Monococcus wheat protein content, on average 15-18%, is higher than that of other cultivated cereals and has a nutritional value higher than that of common wheat and durum wheat. The studies carried out at the Research Unit for the Qualitative Valorisation of Cereals of the Council for Research and Experimentation in Agriculture (CRA-QCE) in the last ten years have allowed to identify many peculiar and nutritionally interesting aspects of the monococcus wheat.
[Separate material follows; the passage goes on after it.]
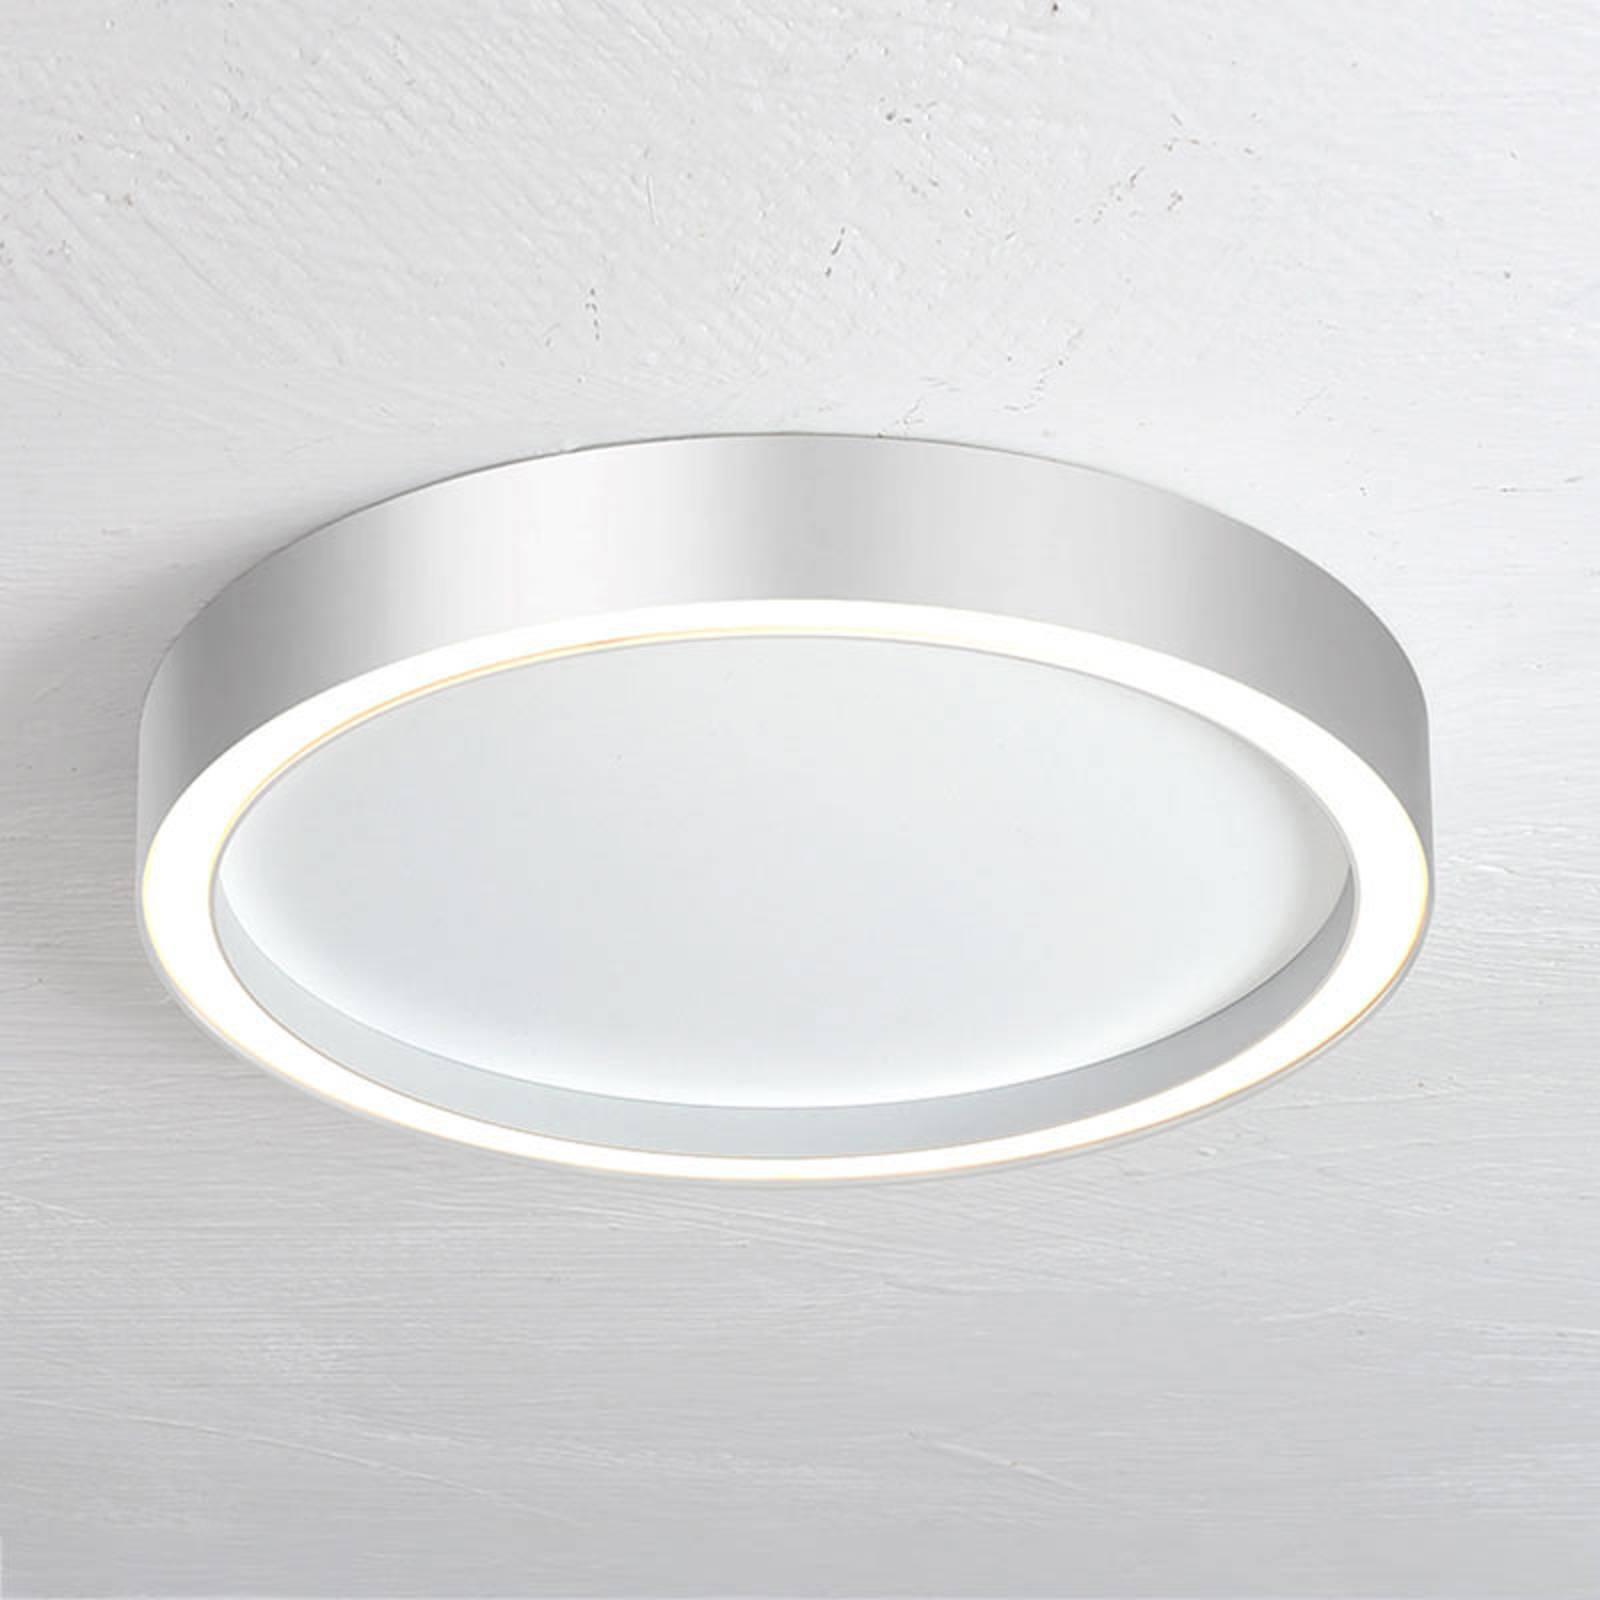 Bopp Aura LED-Deckenleuchte Ø 55cm weiß/aluminium

Among the characteristics that make it unique in the field of straw cereals we have (i) the high content of carotenoids, precursors of vitamin A and natural antioxidants, which is about 5 times that of soft wheat; (ii) the excellent availability of tocoli (vitamin E), which is about 50% greater than durum wheat and soft wheat; (iii) the high content in lipids (about 50% more than common wheat), with a clear prevalence of unsaturated fatty acids; (iv) the high percentage in ash and the high content in minerals (particularly interesting are zinc, iron and phosphorus) and (v) a content in fruits about 50-70% greater than soft wheat (Hidalgo and Brandolini, 2008) ). The monococcus wheat flour, almost impalpable, has a characteristic yellow color and is excellent for the production of biscuits, snakes, flakes and other bakery products (Brandolini et al., 2008; Pollini et al., 2013); there are also genotypes with an excellent attitude to bread-making (Saponaro et al., 1995; Borghi et al., 1996). Also the pastification quality is very high, both in terms of workability of the raw material and of the quality of the finished product: the spaghetti and the monococco wheat macaroni have a good resistance to cooking and a reduced loss of starch compared to those based on commercial groats. of durum wheat (Brandolini et al., 2008). Moreover T. monococcum possesses small-sized (so-called B-type) starch granules in proportion to the cultivated wheats.